An example of the two-dimensional mapping image and the maximum-intensity spectrum created and displayed by performing a data processing on the aforementioned mass spectrum data according to the present embodiment is shown in FIG. 4( a). For comparison, a two-dimensional spatial distribution determined on the basis of the total ion current (TIC) of each pixel is shown in FIG. 4( b). In FIG. 4( b), no specific area on the sample can be discerned. By contrast, in FIG. 4( a) the presence of the retina and a specific region around it can be clearly recognized.

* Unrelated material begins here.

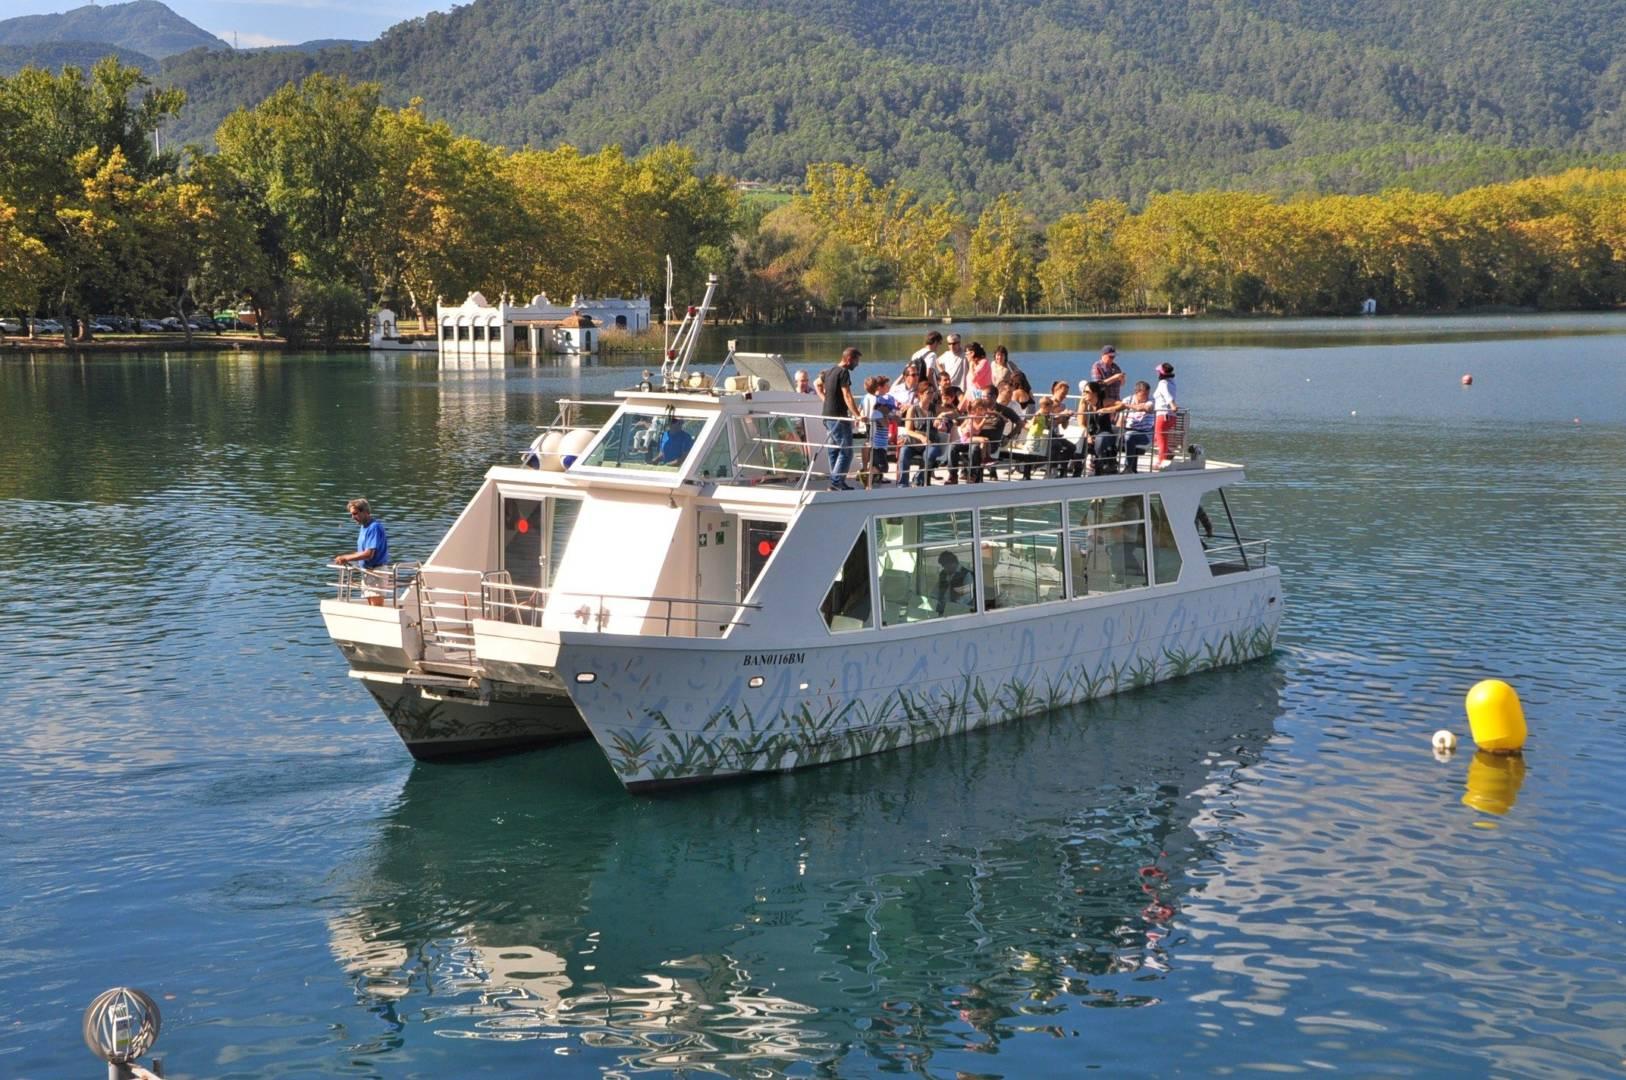 Fem la volta a l'estany amb barca i juguem en família!

FIG. 4( c) shows a maximum-intensity spectrum created and displayed by performing a data processing according to the present embodiment. For comparison, an integrated mass spectrum is shown in FIG. 4( e). The spectrum in FIG. 4( c), which shows only the peaks of the m/z values giving the maximum intensities, is unmistakably different from the integrated mass spectrum, which reflects the entire set of the mass spectrum data including all the intensities.
As described previously, the pixel colors in FIG. 4( a) and the peak colors in FIG. 4( c) correspond to each other. For example, in FIG. 4( c), the peak-top color of the highest peak at m/z:734.6 is red, which demonstrates that the intensity of this peak is MII. Meanwhile, FIG. 4( a) shows that red pixels are specifically distributed. In this manner, for any peak whose intensity MI is represented by a specific peak-top color, the operator can intuitively tell whether, and where, the given peak is specifically located on the two-dimensional mapping image.
FIG. 4( d) shows a histogram created and displayed by performing the data processing according to the present embodiment. In this figure, the peak indicated by the arrow [1] has a peak-top color close to MII. However, its considerably high frequency suggests that this peak is widely distributed over a large spatial area. By contrast, the peaks indicated by the arrows [2], whose frequencies are rather low, have peak-top colors close to MII. This suggests that these peaks are probably noteworthy peaks. Accordingly, for example, the operator can additionally perform more detailed analyses focusing on the areas corresponding to those noticeable peaks.
It should be noted that the previous embodiment is a mere example of the present invention, and any change, modification or addition appropriately made within the spirit of the present invention will naturally fall within the scope of claims of the present application.